Was she afraid of me? Or not afraid, but wanted to brush me off? Did she think it was easy to give me a “yes” at the time, and let me find out it was really a “no” later? Was she nervous as she gave me the bogus number, knowing it was a type of lie? Or does she do this all the time? No big deal. It’s fun for her… a kind of game where she gets to send another random boy spinning off to nowhere? Another vignette in the Battle of the Sexes.

The set was fun. Like I said, she hooked, and she was a lively and active participant in that encounter. She asked questions. She played with me. And in the end, she sent me off with a dead number.

I love thinking of her — as I write this — looking me in the eyes, knowing she was fucking with me. I really do… that little mind of hers.

I think a lot of time, the girl is truly ambiguous about the pickup. On the one hand, you’re a total fucking stranger. On the other, you’ve got charm. She doesn’t know you… But you’re easy to talk to. This is an odd way to meet… but the other men in her life are mostly lame and low value. It’s risky to get mixed up with strangers… but it’s also exciting.

All that (and more) must go thru their heads. And just imagine all the accompanying emotions. Her turn on. Her anxiety. All the memories of past encounters with “cool guys.” All her insecurities. All her expectations. That nagging “want” between her thighs…

It’s no wonder she might give you mixed signals. If she’s not really careful, she’ll end up with your cock insider her. And she’s right about that. Even if she is really careful… she might end up “taken” by a bad man.

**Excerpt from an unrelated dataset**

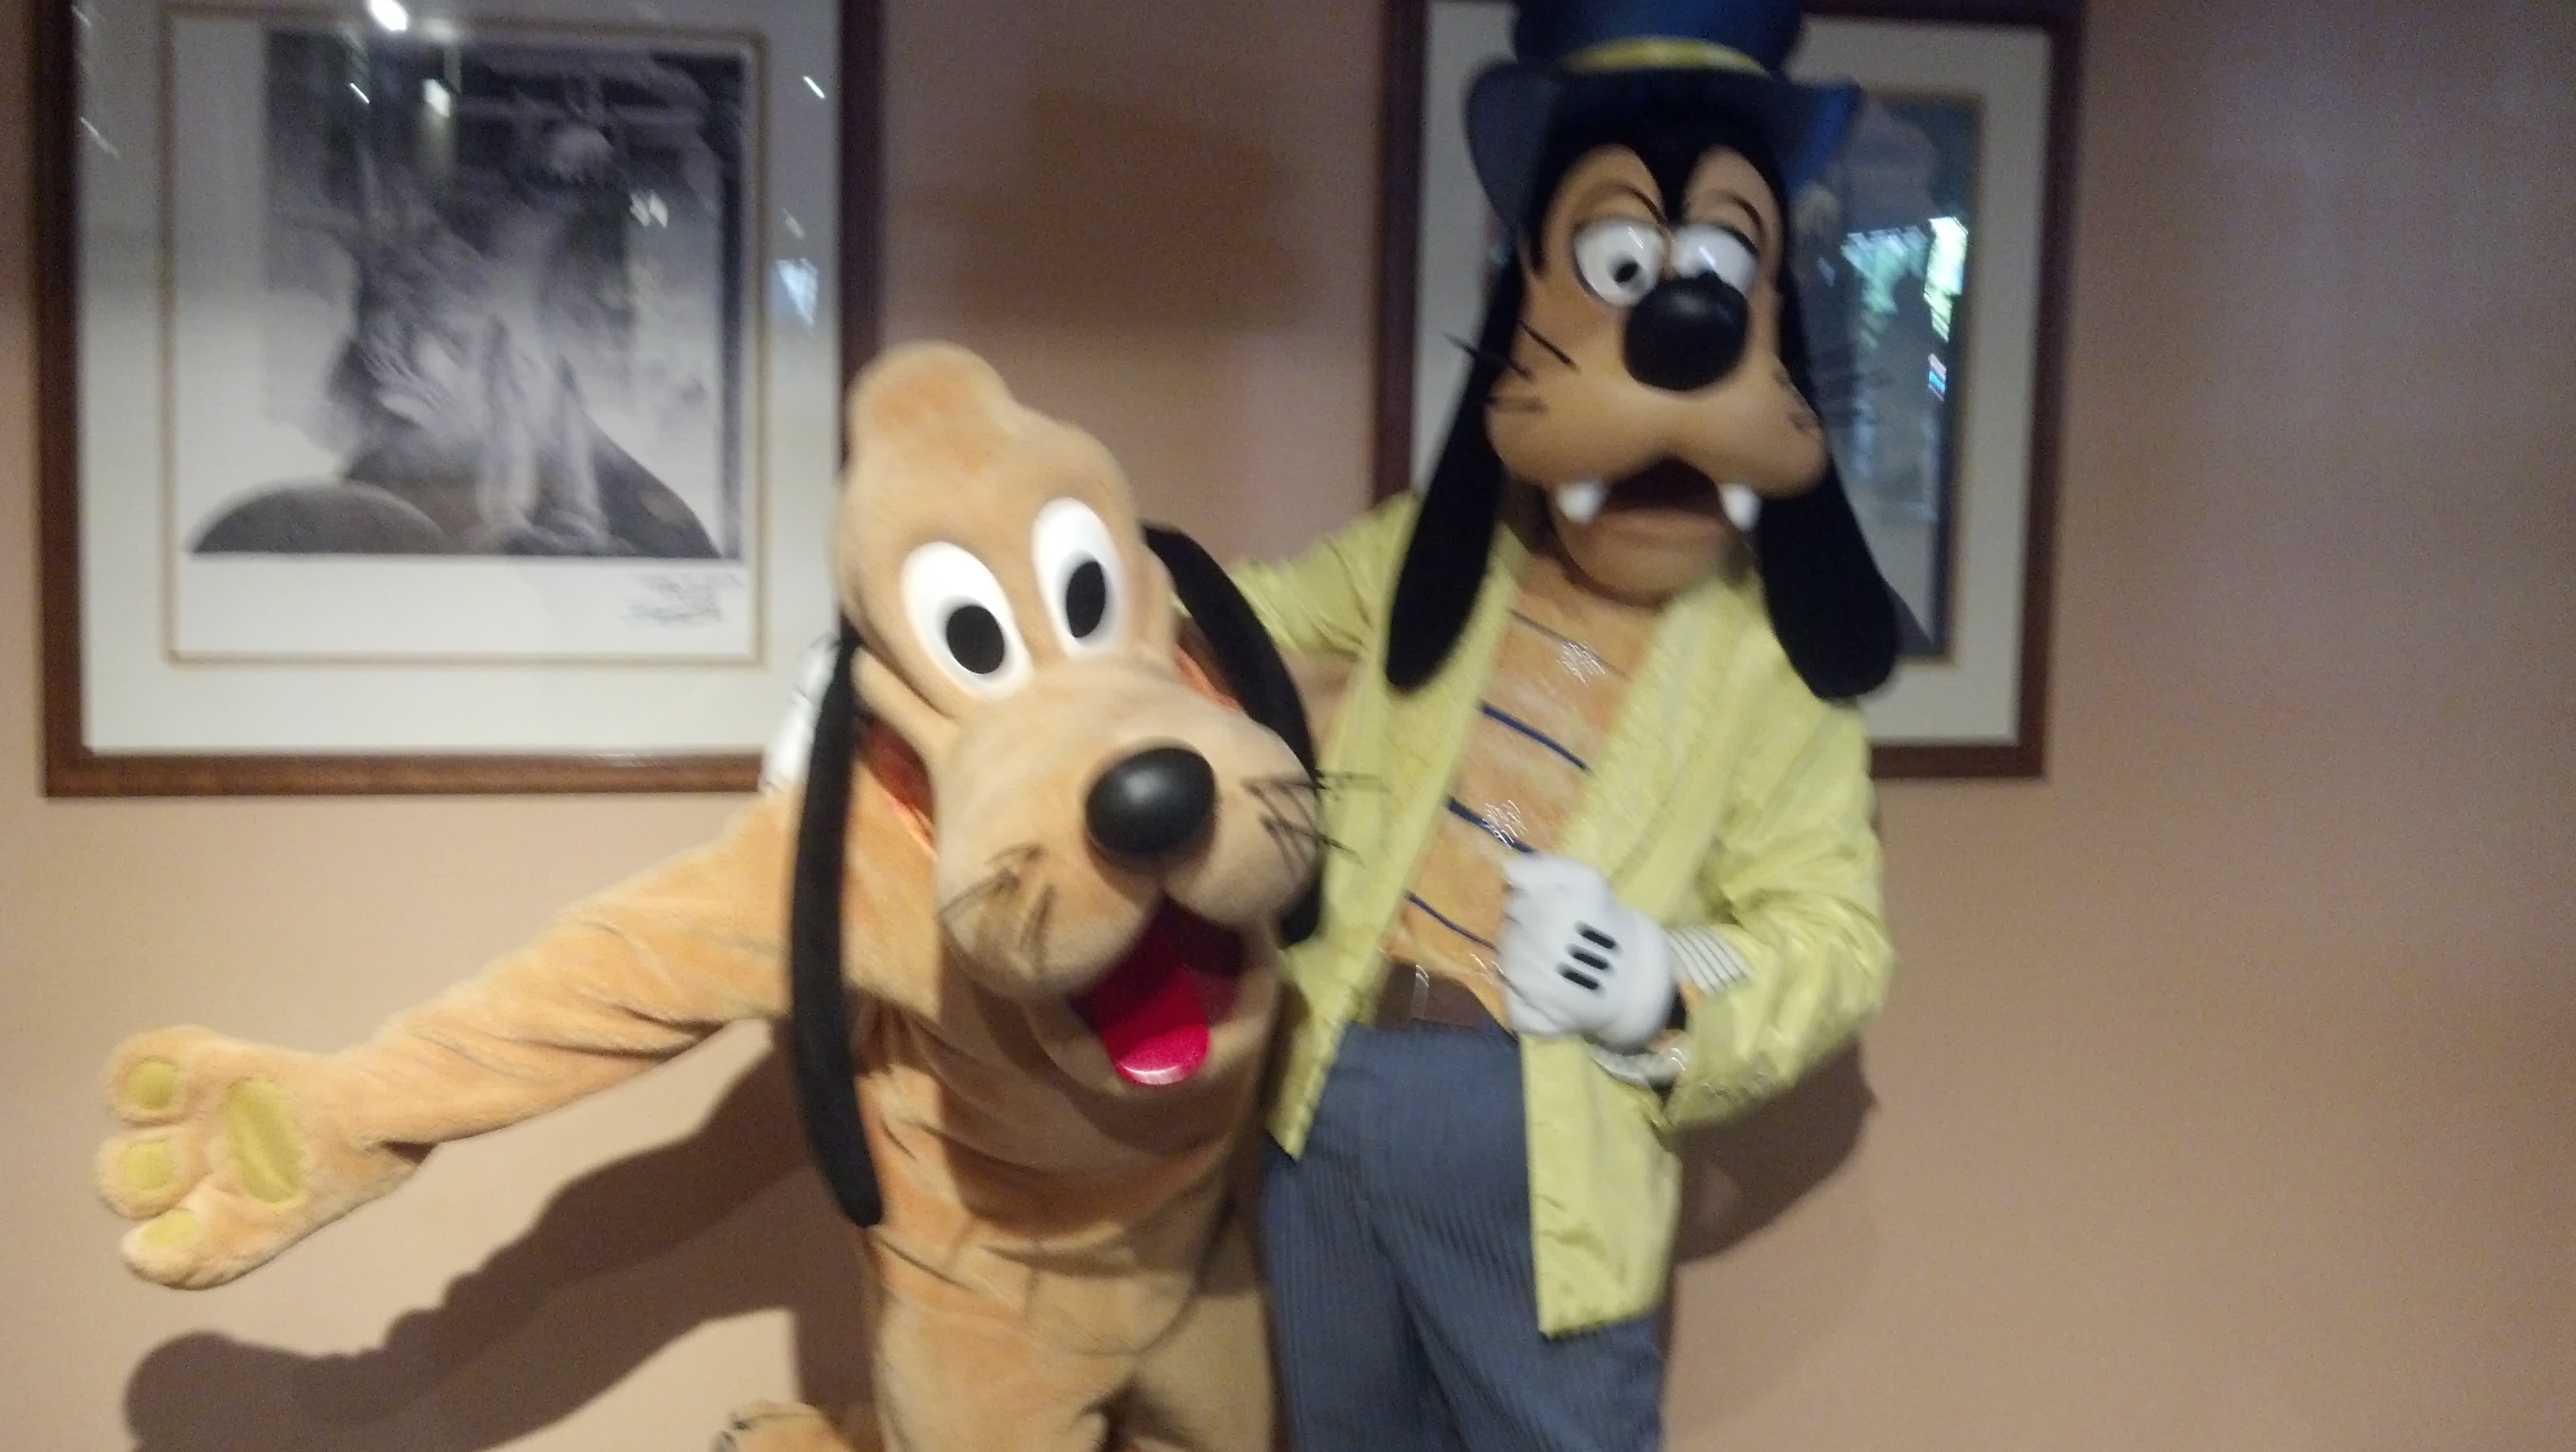 Pluto and Goofy at Hollywood Studios 2012

I want to be that bad man.

All these “nice little girls.”

The Madonna/whore thing goes well beyond sex. The temptation to reduce girls to “one or the other” is real… But it’s a mistake. The girls in this post that gave me the bogus numbers are not “bad girls” (whatever that means)… These are just aspects of the games we play in the sexual marketplace.

I am bummed the little New Yorker didn’t date me that night. And that she didn’t end up on her back, in my bed, with my face in her pussy. But I’m not mad. Not at all.

It’s so interesting to me. All the shades of female psychology.

And since then, I’ve taken a few more numbers…

Yesterday when I was out, I picked up a Thai girl with a fantastic body. I approached her and let her go… wasn’t sure about her face. But then I saw her again a bit later… unbelievable body, so I reopened her and closed her. As it came time to take her number, I said, “Okay, call me.” And she did.

I felt my pocket vibrate as her call came in, and we looked into each other’s eyes and I tapped my pocket and told her I had it.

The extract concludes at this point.